Shares of ExOne plunged more than 16% this morning after the additive manufacturing specialist's first-quarter results badly missed expectations. Revenue fell 8% year over year to $7.3 million, which translated to a wider net loss of $0.38 per share. Analysts, on average, were looking for a net loss of just $0.12 per share on sales of $9.87 million.
Now, with ExOne having officially fallen short of estimates in every single quarter since going public early last year, shares are trading within spitting distance of a new 52-week low.
Perspective is in order
Then again, quarters like this are exactly why ExOne avoids providing quarterly guidance.
Remember, ExOne focuses on selling high-end industrial 3-D printers with an exceedingly large per-unit price tag. In short -- and this early in ExOne's long-term story -- this means dealing with long sales cycles and chunky quarterly revenue.
To be sure, one-third of last quarter's revenue -- or $2.4 million -- came from the sale of just three 3-D printers, including one S-Max unit and one S-15 machine sold to European customers, and a single M-Flex unit sold in the United States. By comparison, last year's first quarter saw five machines sold -- including four 3-D printers and one laser machine -- for $4.2 million.
But this doesn't mean ExOne is a failing business.

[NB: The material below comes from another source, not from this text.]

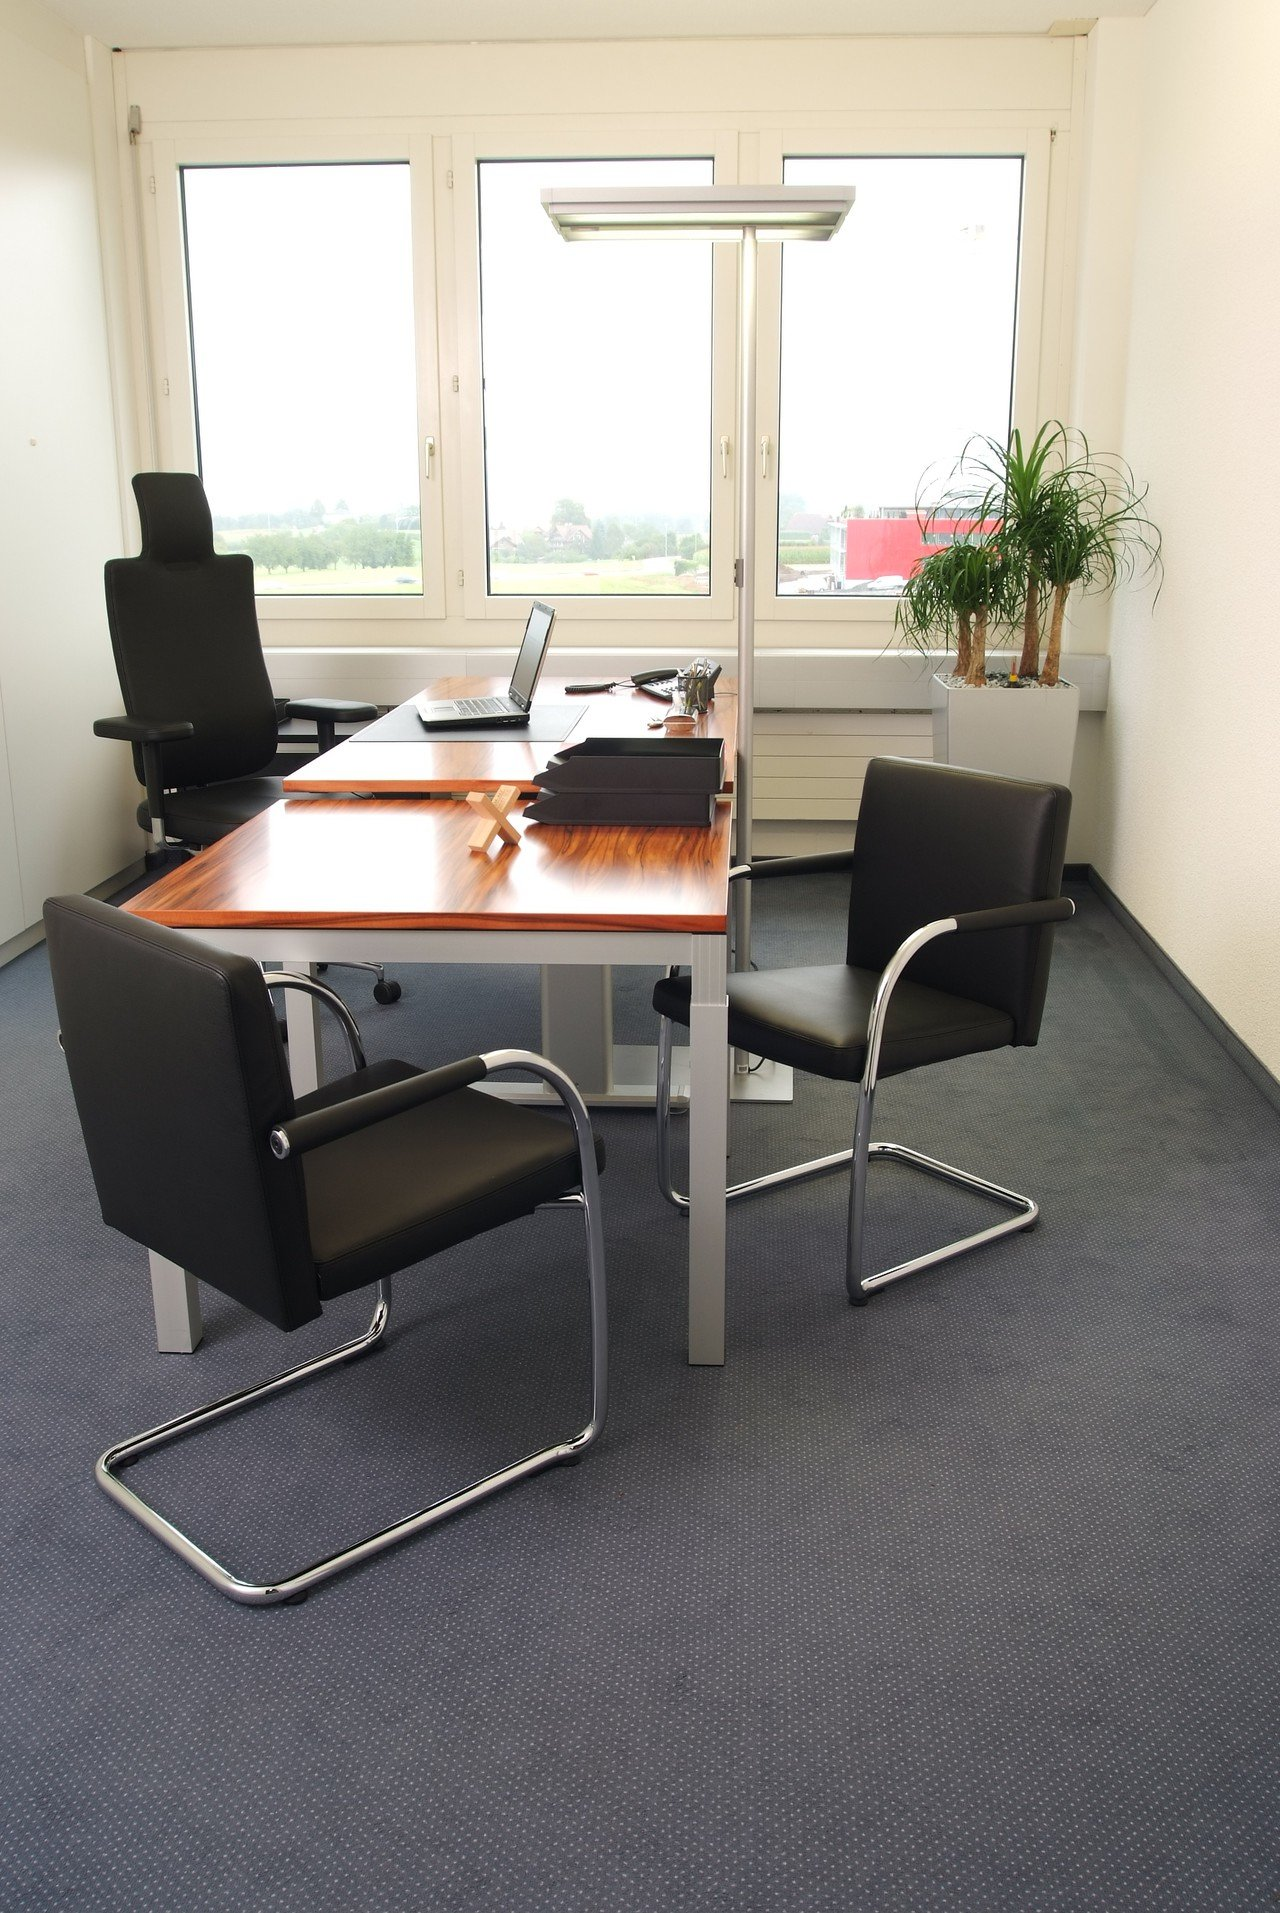 Rest der Welt conference rooms Meetingraum ecos office center hünenberg - Tagesbüro image 0

First, keep in mind ExOne's first-quarter sales from 3-D printed products, materials, and production service centers actually rose by 37% year over year to $3.7 million. In addition, while ExOne consistently opts not to predict its quarterly performance, as analysts insist on doing, it continues to expect full-year 2014 revenue to grow 40%-50% to a range of $55 million-$60 million -- the mid-point of which sits just above analysts' consensus for 2014 sales of $56.98 million.
To be fair, ExOne did reduce its 2014 gross margin guidance to between 40% and 43%, down from the previous expected range of between 43% and 46%. But ExOne also explained that it's the result of developmental costs associated with its new ExCast initiative, which could generate an additional $50 million to $60 million in revenue next year alone. And that's why fellow Fool Blake Bos recently insisted ExCast is "of utmost importance for the company to succeed over the long-term, satisfy investor's expectations, and drive the stock price higher."
Don't get me wrong. I'll readily admit it hurts to see stocks we recommend fall this much in a single day. But in ExOne's case, I see nothing to indicate its long-term story is broken. As a result, if shares continue to remain depressed over the next few days, I intend to add ExOne to my personal portfolio as soon as the Fool's trading restrictions allow.